• [GOAL OF THE EXERCISE]:
Within the lines below, the span from the line with "لباسشویی صنعتی" to the line with "mercedes actros 2545", both ends included, is to be reproduced exactly, with pictures omitted.

DATA EXCERPTS section start

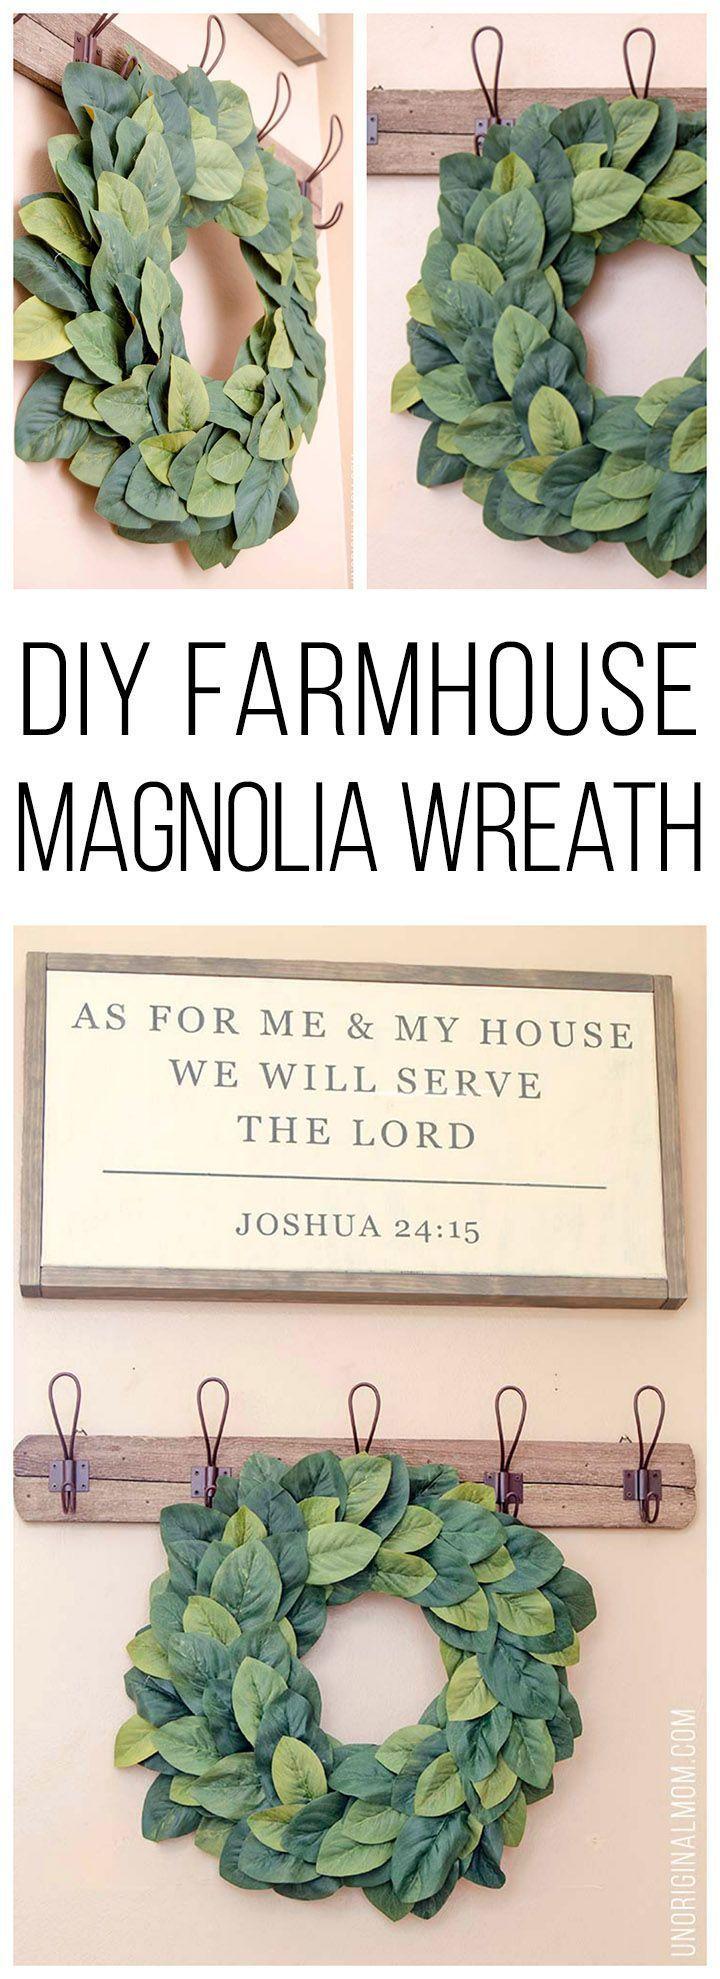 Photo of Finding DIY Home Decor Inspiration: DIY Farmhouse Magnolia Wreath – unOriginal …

DATA EXCERPTS section end
DATA EXCERPTS section start

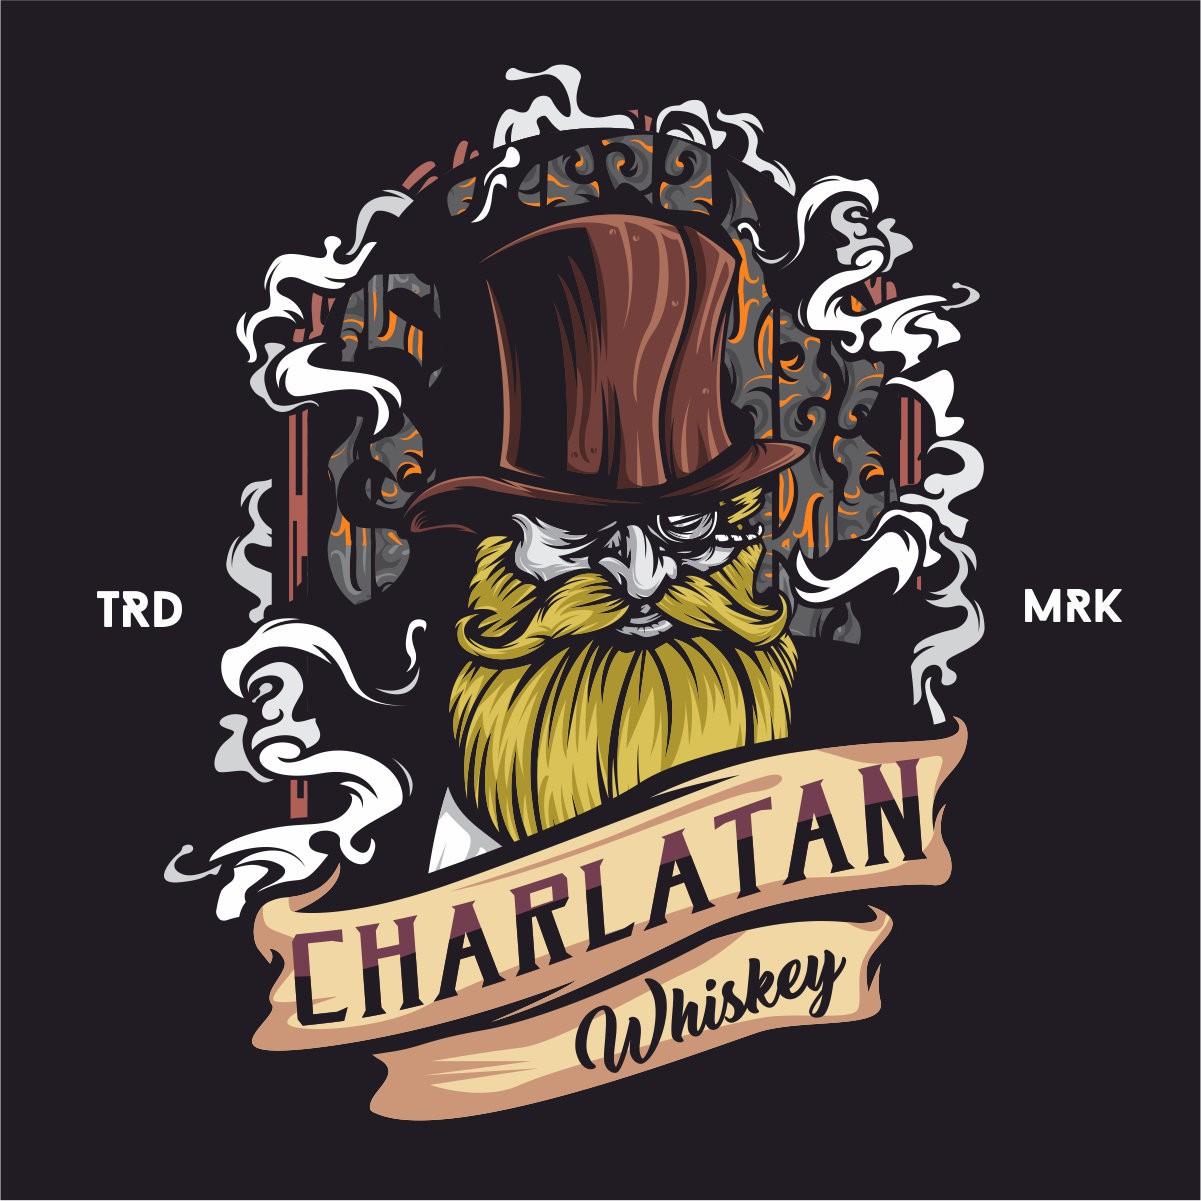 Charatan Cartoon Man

DATA EXCERPTS section end
DATA EXCERPTS section start

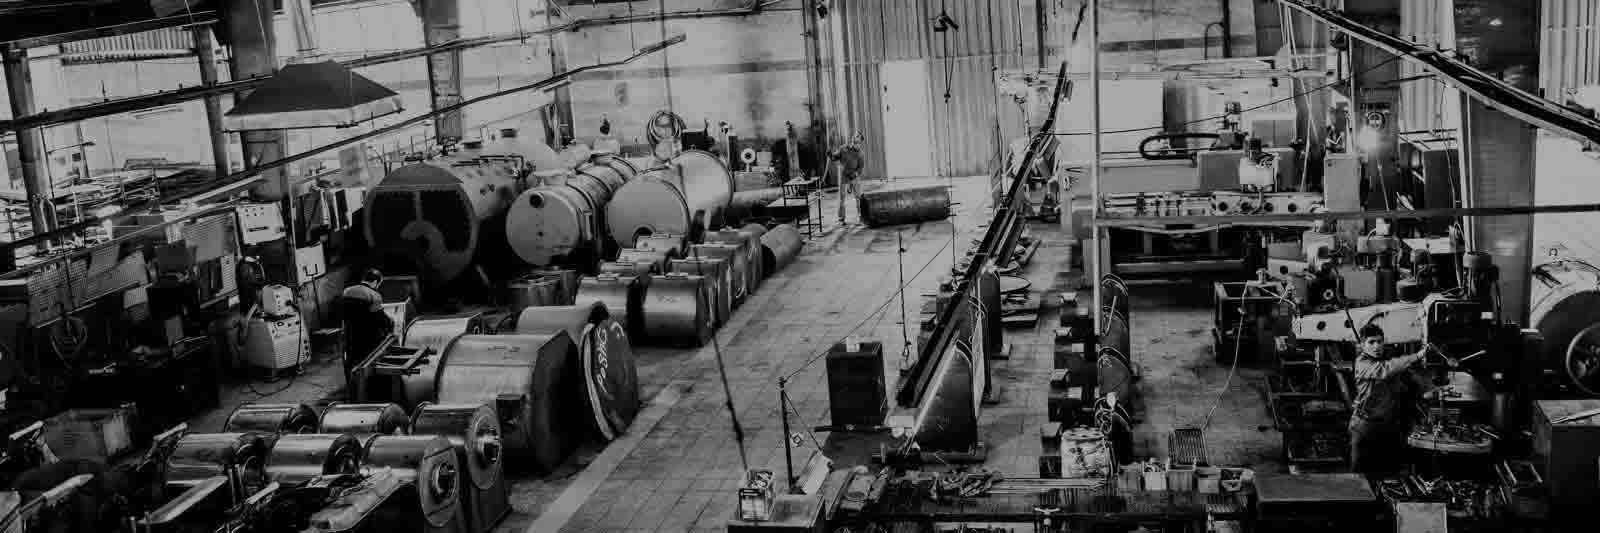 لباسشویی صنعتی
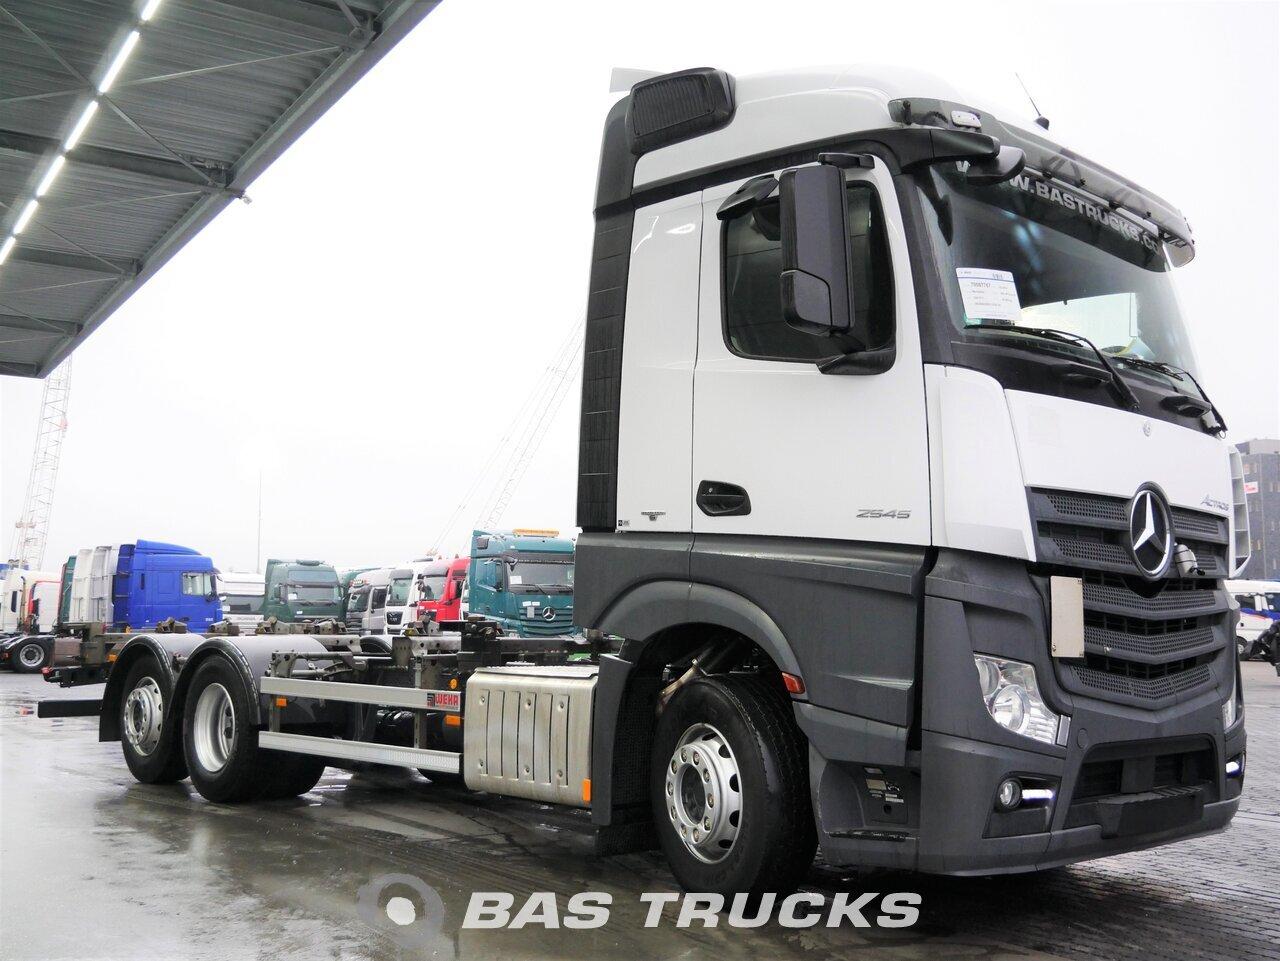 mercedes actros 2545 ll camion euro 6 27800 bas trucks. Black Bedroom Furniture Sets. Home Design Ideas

DATA EXCERPTS section end

• [TASK RESPONSE]:
 لباسشویی صنعتی
 mercedes actros 2545 ll camion euro 6 27800 bas trucks. Black Bedroom Furniture Sets. Home Design Ideas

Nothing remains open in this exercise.